The Terk you link to is almost the same as the cheaper Square Shooter. At 30 miles, you may be stretching the ability of this little antenna. A Channel Master 4224 or 4228 should work better and be much cheaper.

Also, AVS (the parent forum) has a local HDTV section. You can easily find out what your neighbors are using so you don't have to go through a bunch of trial and error to get the right antenna.

-Robert


----------



## A J Ricaud (Jun 25, 2002)

From your map, I would guess you live in the San Pedro area and about 31 miles away from Mt. Wilson. I think a Channelmaster CM4228 will work fine for you.

On second thought, a lot of the local channels are above channel 50, where the Antennas Direct DB8 has more gain.


----------



## charlestwaters (Dec 19, 2003)

A J Ricaud said:


> From your map, I would guess you live in the San Pedro area and about 31 miles away from Mt. Wilson. I think a Channelmaster CM4228 will work fine for you.
> 
> On second thought, a lot of the local channels are above channel 50, where the Antennas Direct DB8 has more gain.


Close, I'm right near Torrance High School, but still, around 30 miles or so from Mt. Wilson!

The other one I was thinking about is the Terk HDTVO.


----------



## rlj5242 (Dec 20, 2000)

charlestwaters said:


> The other one I was thinking about is the Terk HDTVO.

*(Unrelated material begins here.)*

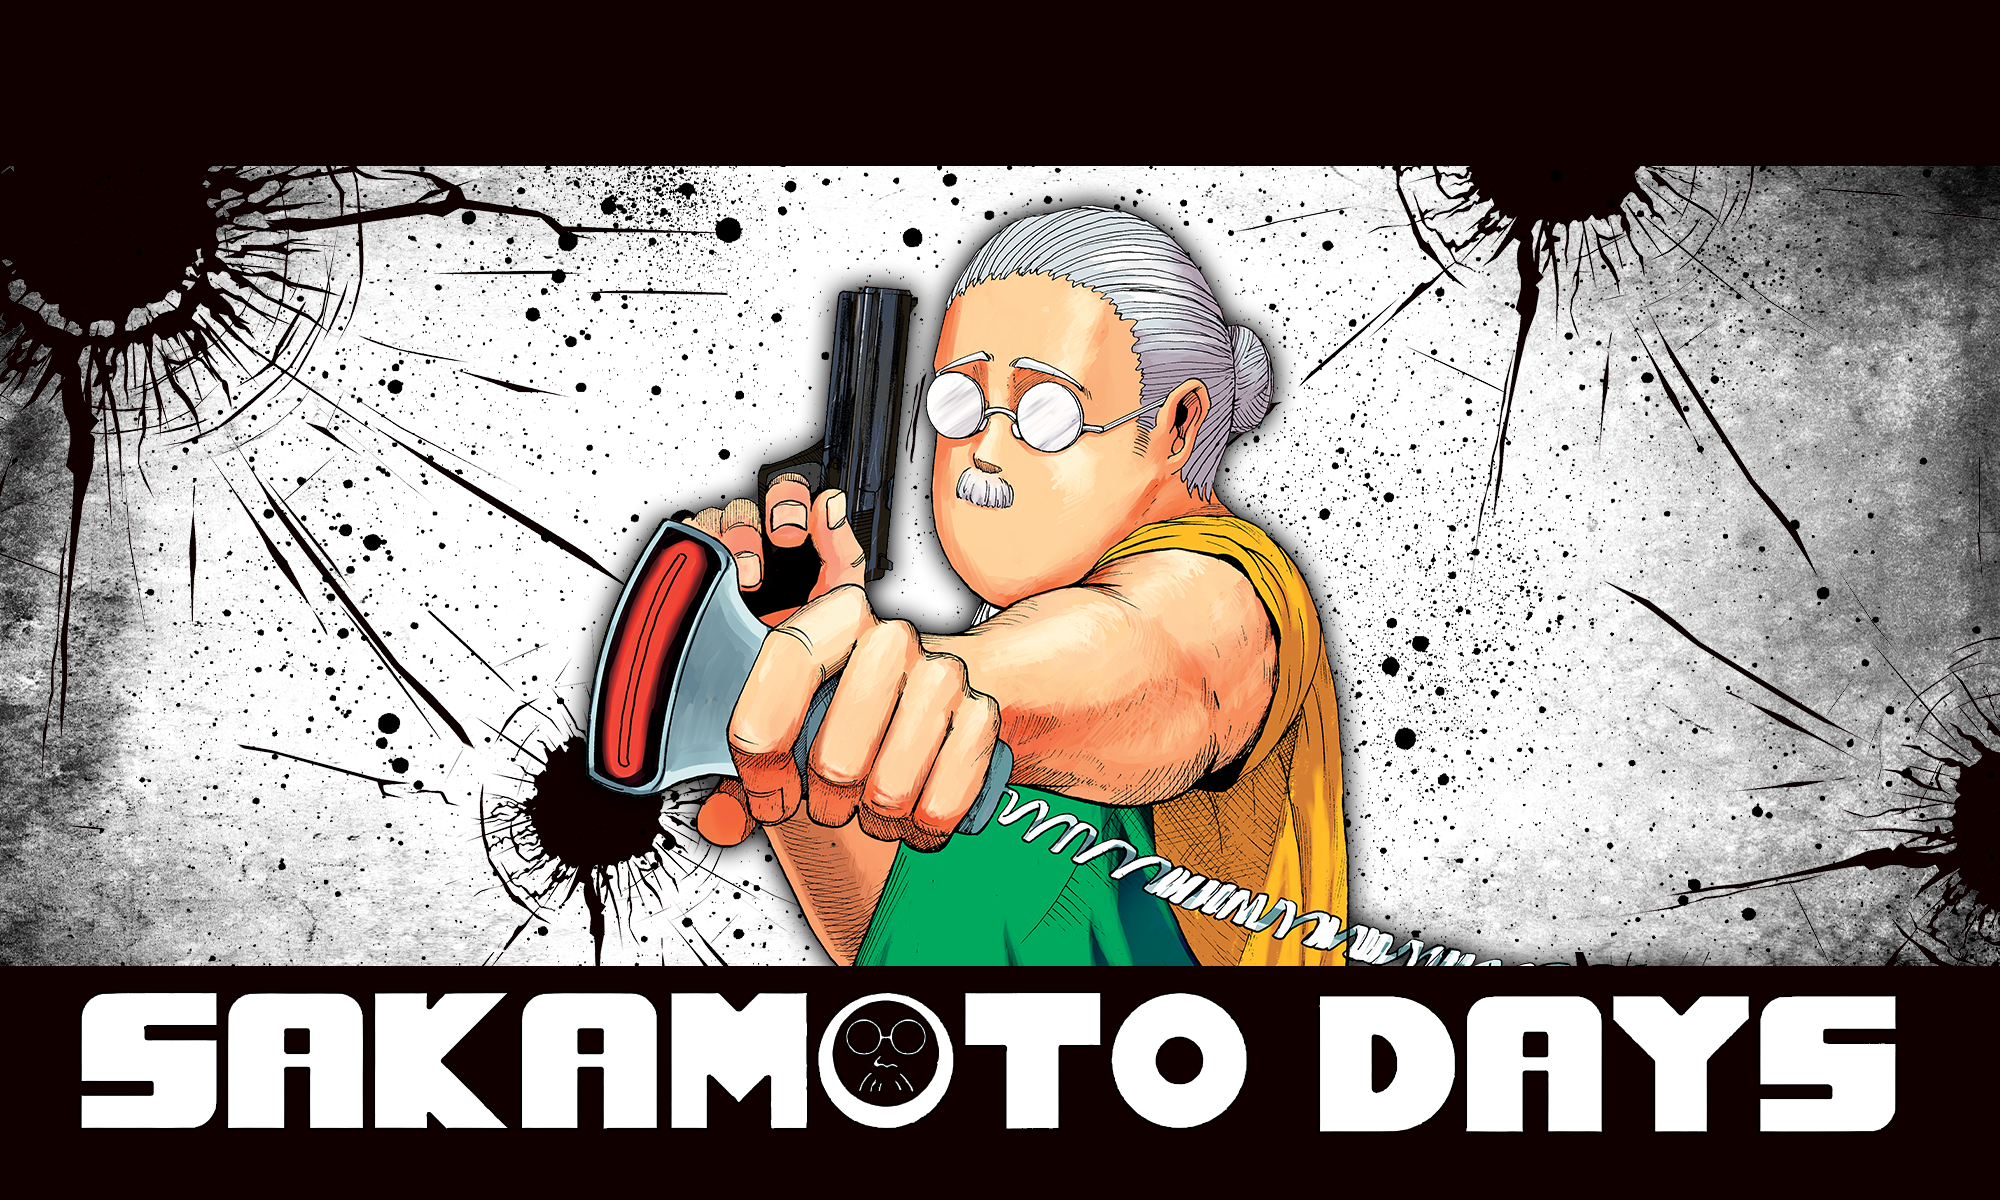 Anime 2000x1200 manga Sakamoto days Shonen Jump anime men anime gray hair glasses gun

 Do a little research on Terk before buying. Here and AVS are two good sources.

-Robert


----------



## A J Ricaud (Jun 25, 2002)

rlj5242 said:


> Do a little research on Terk before buying. Here and AVS are two good sources.
> 
> -Robert


Excellent advice.


----------



## kepper (Nov 28, 2003)

charlestwaters said:


> Anyone that is familiar with using Off-Air HDTV antennas, here's a question for ya...


For what its worth, here's my experience. I live in Newport Beach, 41 miles from Mt. Wilson. It was strongly advised that I get one of the Channelmaster antennas mentioned earlier in this thread to use with my HR10-250.

I did quite a bit of research on the subject. I didn't want to hang one of those ugly Channelmasters on the house unless it was absolutely necessary.

I got a Winegard Square Shooter 2000. It looks a lot like the Terk you show in the picture, but everything I read indicates the Square Shooter has superior performance. The company I bought it from didn't want to sell it to me, said I was too far away from the transmitter towers. I opted to give it a try, I figured if it didn't work I would return it and get one of the Channelmasters. I mounted it on the side of the house so it can't be seen, and its directly facing my neighbor's roofline.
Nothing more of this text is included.